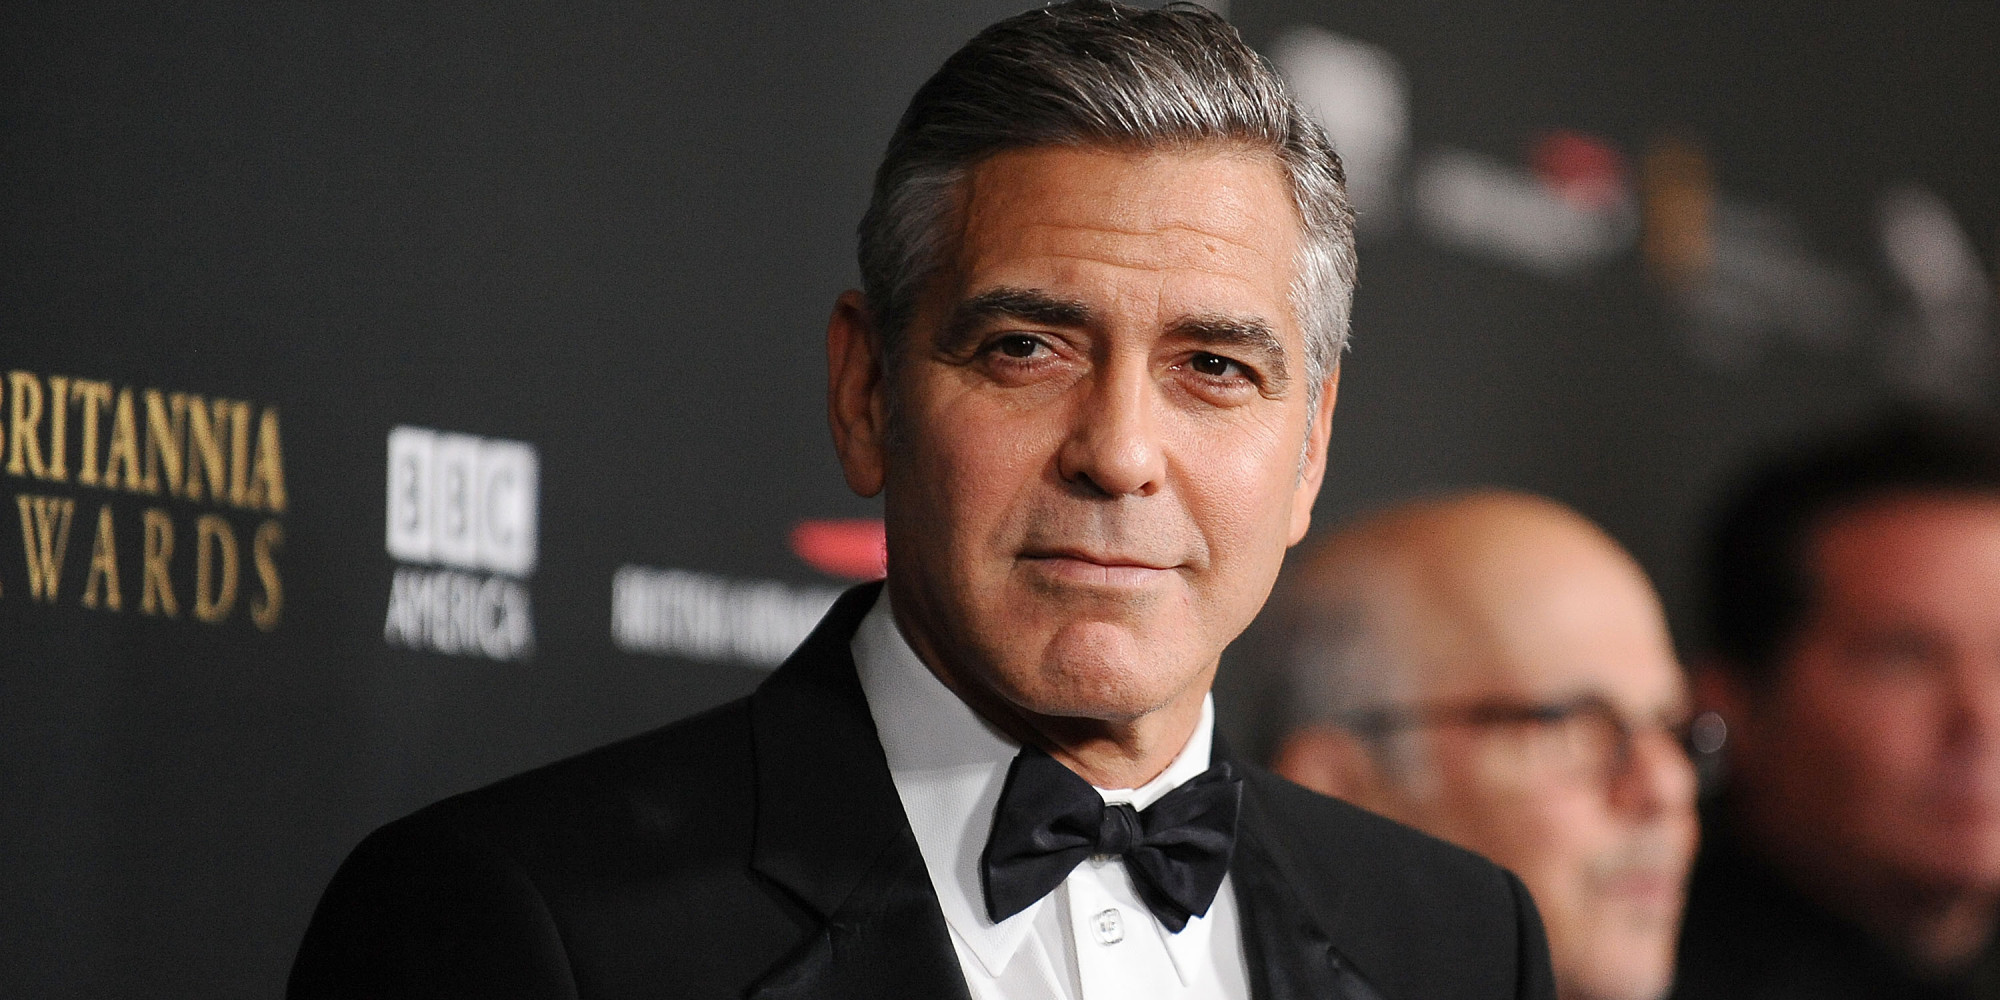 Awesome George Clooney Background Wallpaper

________________

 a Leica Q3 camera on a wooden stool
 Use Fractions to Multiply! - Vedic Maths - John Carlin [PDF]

________________

◆ **YOUR INSTRUCTIONS**
Looking back over the data above, restate word for word the lines that begin at the line with "a Leica Q3 camera on a wooden stool" and end at the line with "Use Fractions to", inclusive.

◆ **RESULT OF THIS TASK**
 a Leica Q3 camera on a wooden stool
 Use Fractions to Multiply! - Vedic Maths - John Carlin [PDF]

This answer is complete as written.